Il pollice simbolizza maggiormente la virilità maschile perché più grosso. Per questo, generalmente vissuto come più grande e quindi più potente.

L’anello simbolizza l’unione. Si può dire, pertanto, che un anello posto sul pollice in_corona il simbolo della maggior potenza sessuale. In genere, l’anello è in argento o in acciaio. In quanto variazioni di lucentezza, quei metalli portano molteplici significati sulla luce che emettono. La luce, infatti, simbolizza la verità.

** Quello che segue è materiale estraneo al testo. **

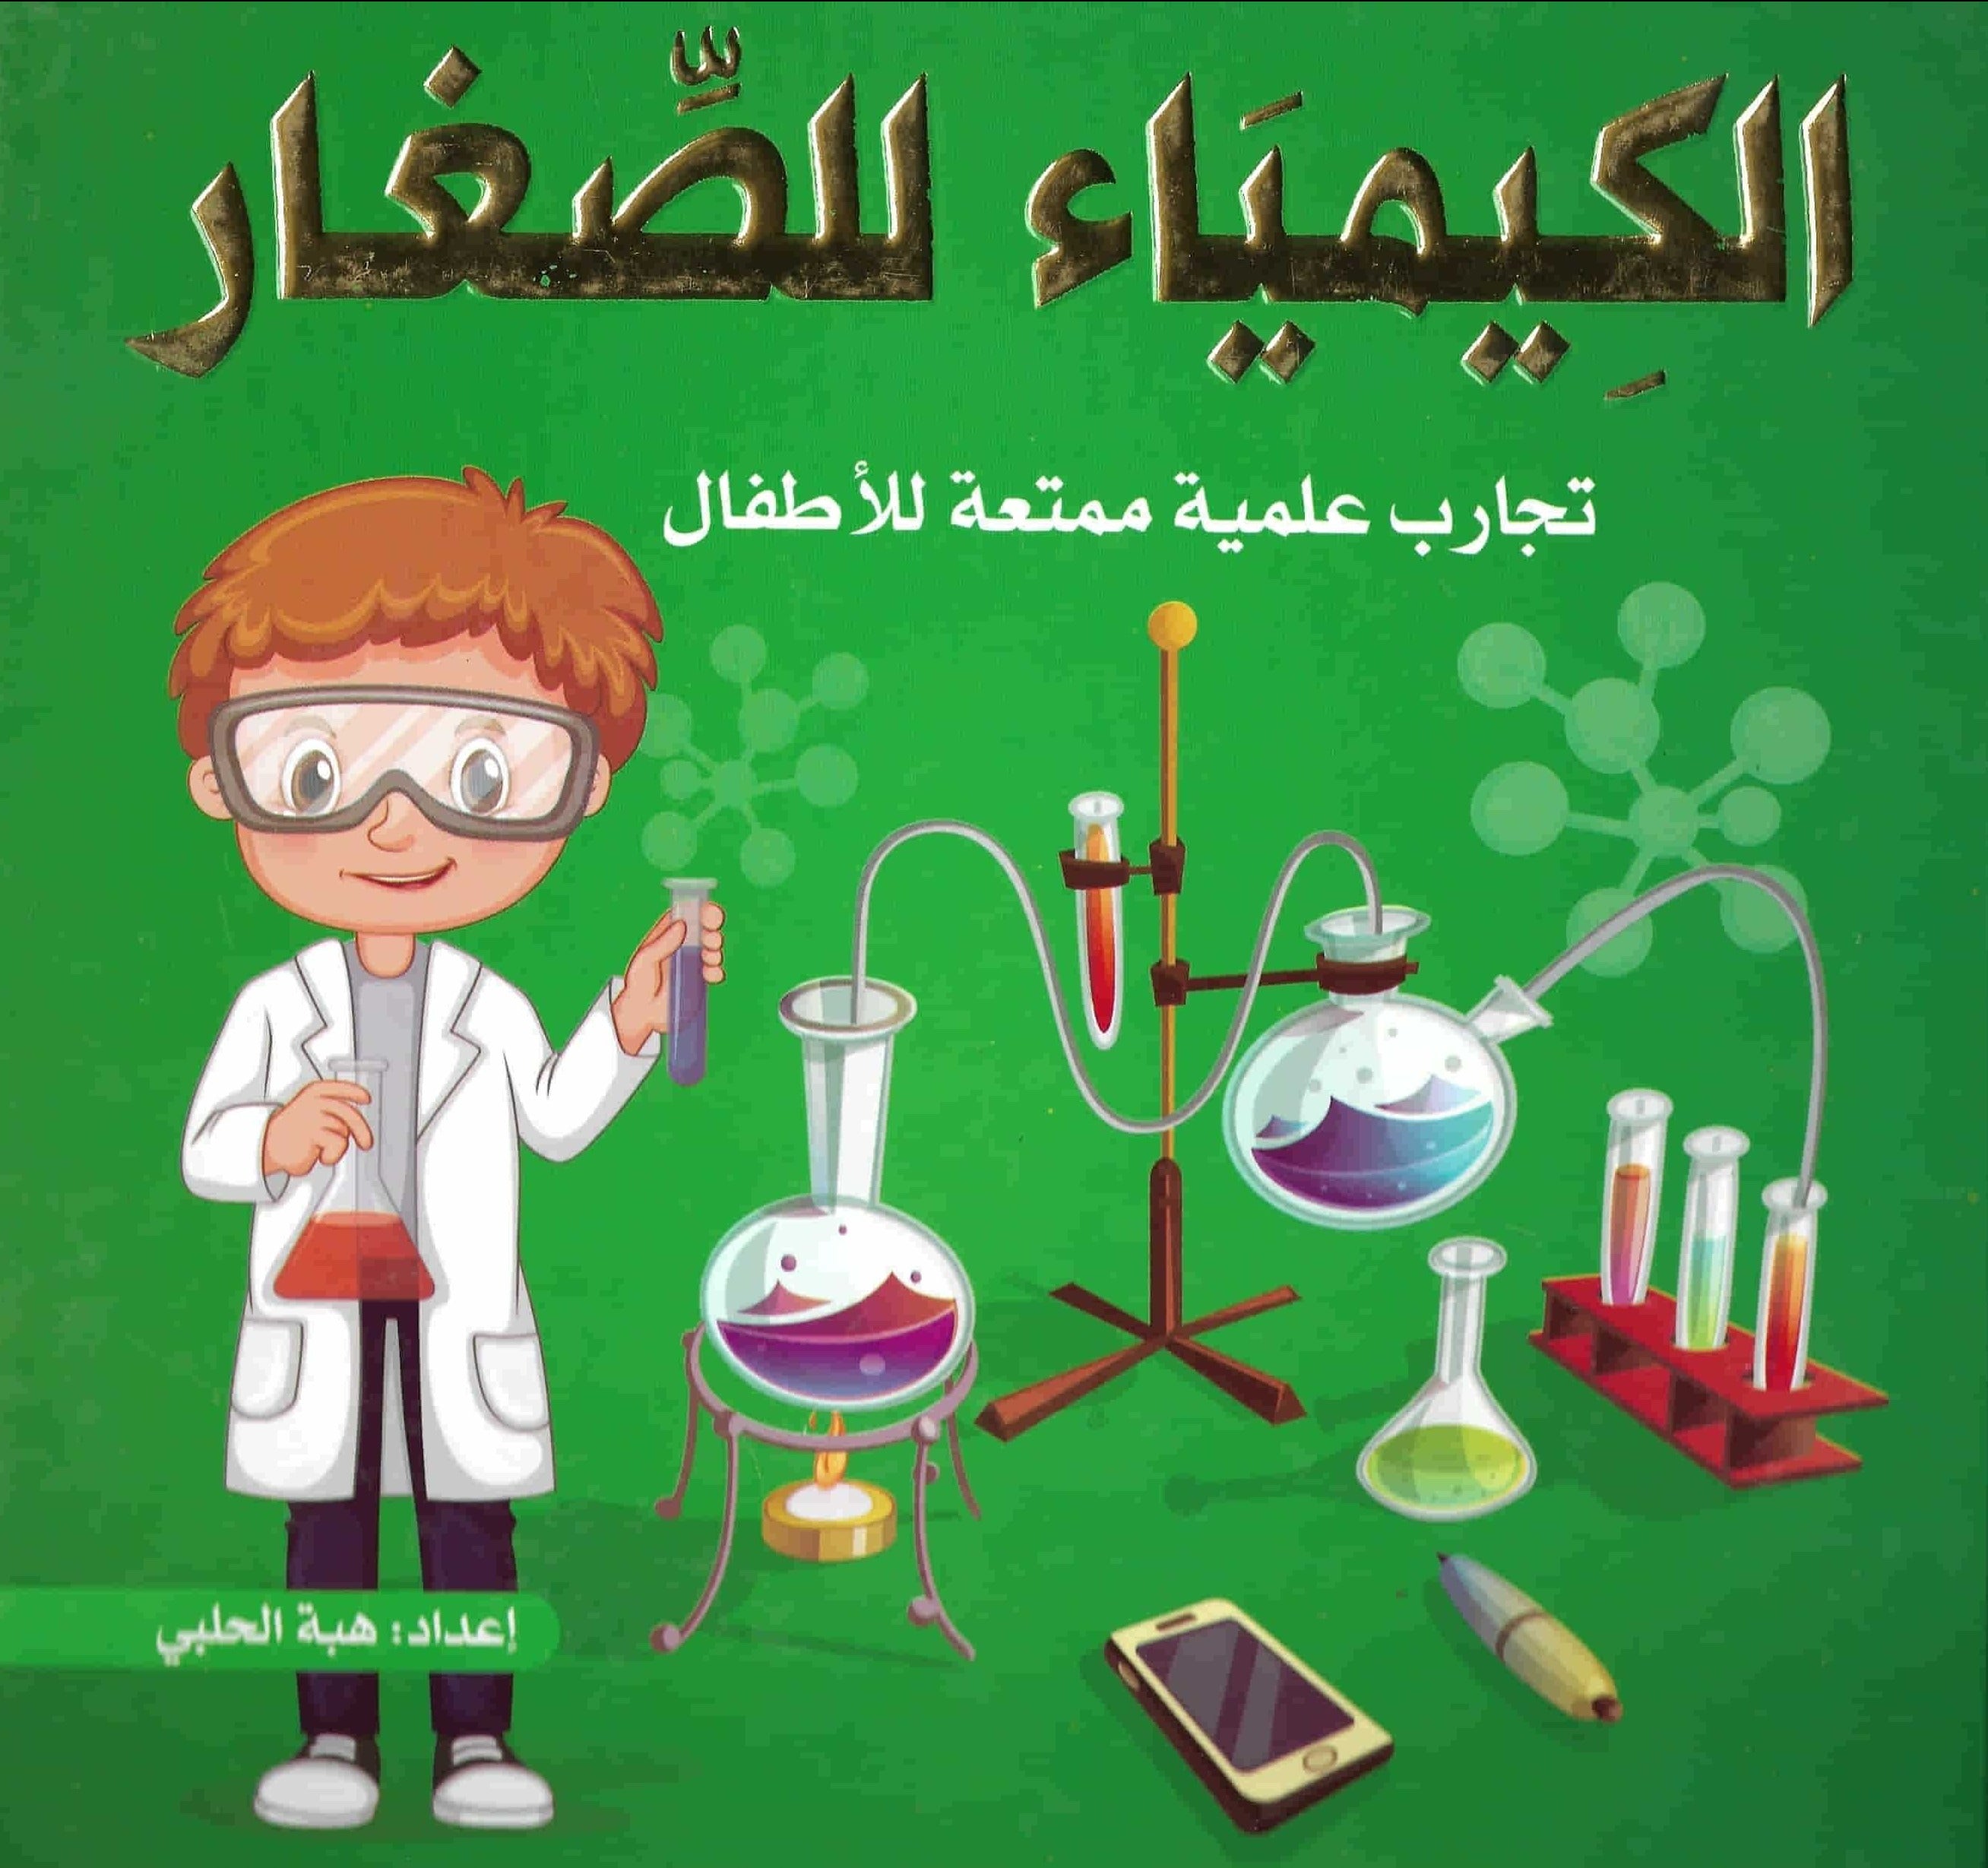 الكيمياء للصغار : تجارب علمية ممتعة للأطفال كتب أطفال هبة الحلبي

Dall’insieme delle ipotesi, di chi porta un anello sul pollice si può dire che il suo pene (mezzo naturale che condiziona quanto si pensa su ciò che é e/o si è) necessita di una unione sovrana dai veri significati, oppure, di una unione che confermi i significati indicati dall’anello. Oltre a questi, confermi che il soggetto adatto all’unione deve essere egualmente dotato nel… pollice. L’anello nel pollice non necessariamente conferma dotato il portatore. In quel caso, rivela un desiderio di unione con portatori dotati di maggior… pollice. In una individualità eterosessuale, invece, l’anello sul pollice è un segno di potenza diretto alla donna. E’ un messaggio (quel segno) non necessariamente attendibile. Non da oggi, infatti, ogni scaraffone è bello a mamma sua!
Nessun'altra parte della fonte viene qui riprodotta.